My name is Marina, and I suppose this will be my first ‘blog’ since the early days of Xanga. I’m currently a student at Sarah Lawrence College, and since it is one of those liberal art schools, we get to pick our classes for the semester during our first week back from break. And instead of registering online, like a normal college, we all get to run around campus, sign up for interviews with teachers, and then spend the rest of the day running all the way back to all those doors and sign-up sheets you scribbled your name on. And when I say interview, I don’t mean that the teachers interview us in an attempt to see if we would fit in the class. Oh no. Instead we are the ones who ask the teachers questions and get all the information that we need about the class. It’s ridiculous and tiring, but honestly it is one of the best ways to pick classes, and despite the outrageously long line we have to wait in so that someone at a computer can put our class picks into the system, I still prefer it to any other method of picking a course.

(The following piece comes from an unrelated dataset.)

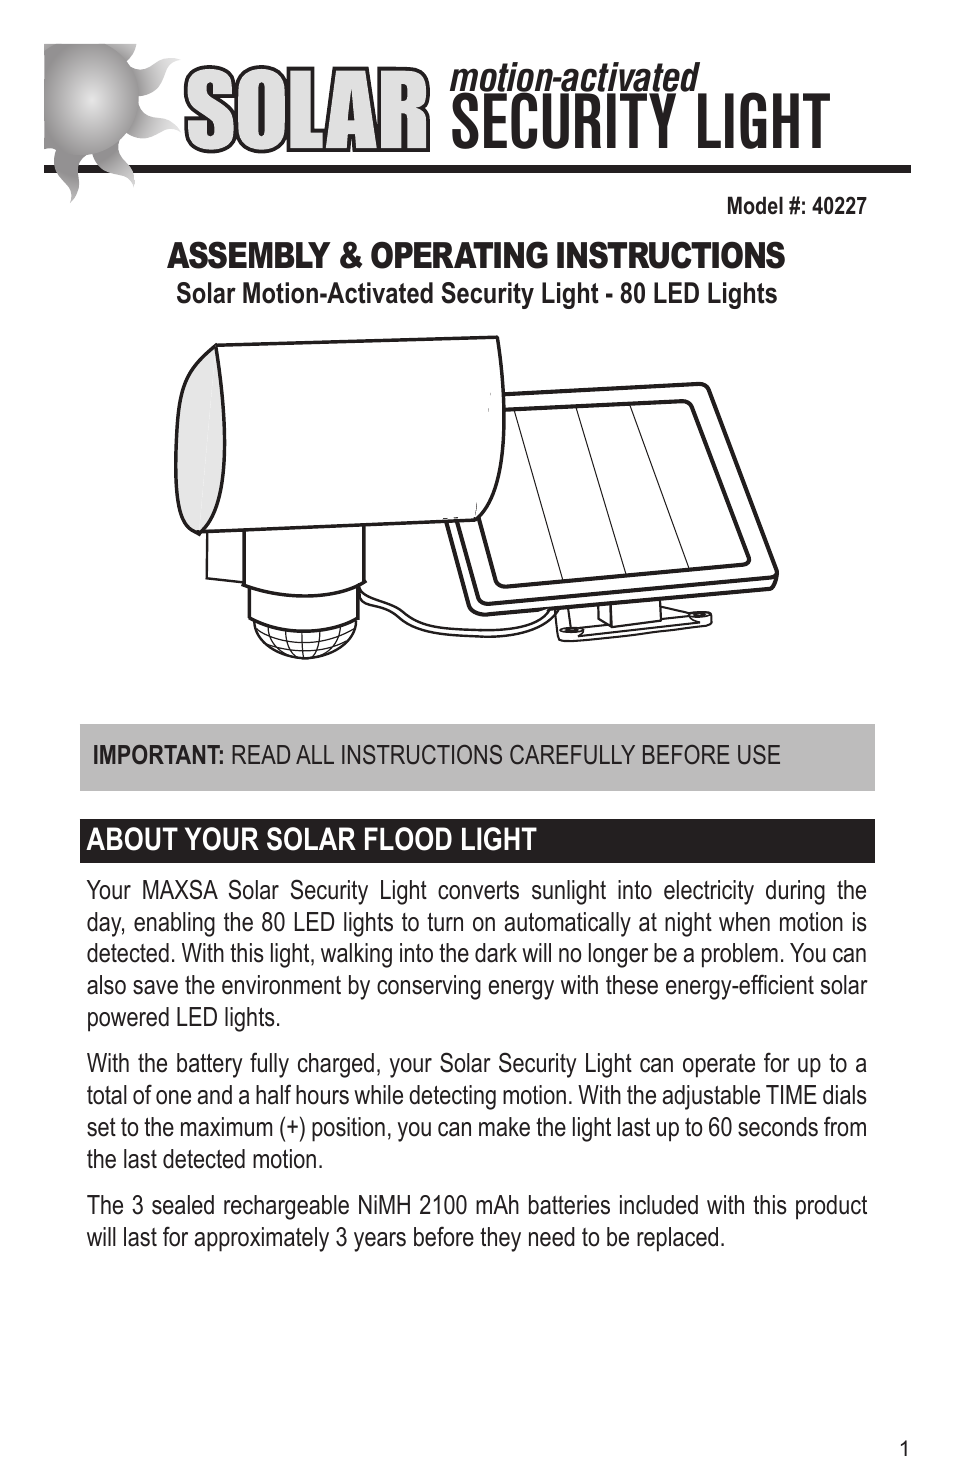 Solar-Powered Aluminum 80 LED Solar Security Light

This semester I only had to replace one class and I was able to sign up for a history course titled ‘In Tolstoy’s Time’. I’ve always been an avid reader, and during my sophomore year at Sarah Lawrence I fell in love with Tolstoy, so when I saw an entire course devoted to him, of course I could do nothing but hope that I got into the course (which I did!). We’re starting off the class with War and Peace, which I haven’t read in two years and I honestly do not even know if it will even be the same book. First time around, I fell in love with Andrei and ended up finishing the novel in a single fifteen hour sitting–it would’ve been impossible for me to put the book down and leave the world of the novel before it had come to fruition on its own. I could not get enough of Andrei’s individuation–ended up writing a conference paper over fifty pages about how Andrei could not exist in this world because he lived for absolutes and in the ‘real’ world, it cannot be all or nothing; a man like Andrei cannot happily exist (similar to how Anna Karenina cannot exist in the world either). But since then, my own mentality has moved away from all or nothing, so I’m wondering if I’ll still love Andrei the way I did when he first appeared in less than fifty pages, with his hawk-like gaze scanning the room and always finding little to amuse himself. Maybe now he’ll just seem annoying and arrogant. This time around I have to read the Maude translation (I used the Peaver the first time) so maybe the discrepancies in the text will change things as well. It’s difficult to say, especially since I am unable to read War and Peace in the original Russian. We’re reading Anna Karenina as well and I’m equally concerned about my love for Anna. A teacher of mine told me that when he was in college and he read Anna Karenina, he was in love with Anna and always wanted her on the scene. But as he grew older, had a family, experienced life, he found himself moving away from Anna’s story and falling in love with Levin’s story–the mowing, the scene with him and Laska. Everything about Levin screams life, even the moment when he is contemplating his own death.
Every rereading of a book creates a new text. The book itself will sit there and stay the same, but it is always on the part of the reader to put those words together and pull out a thought.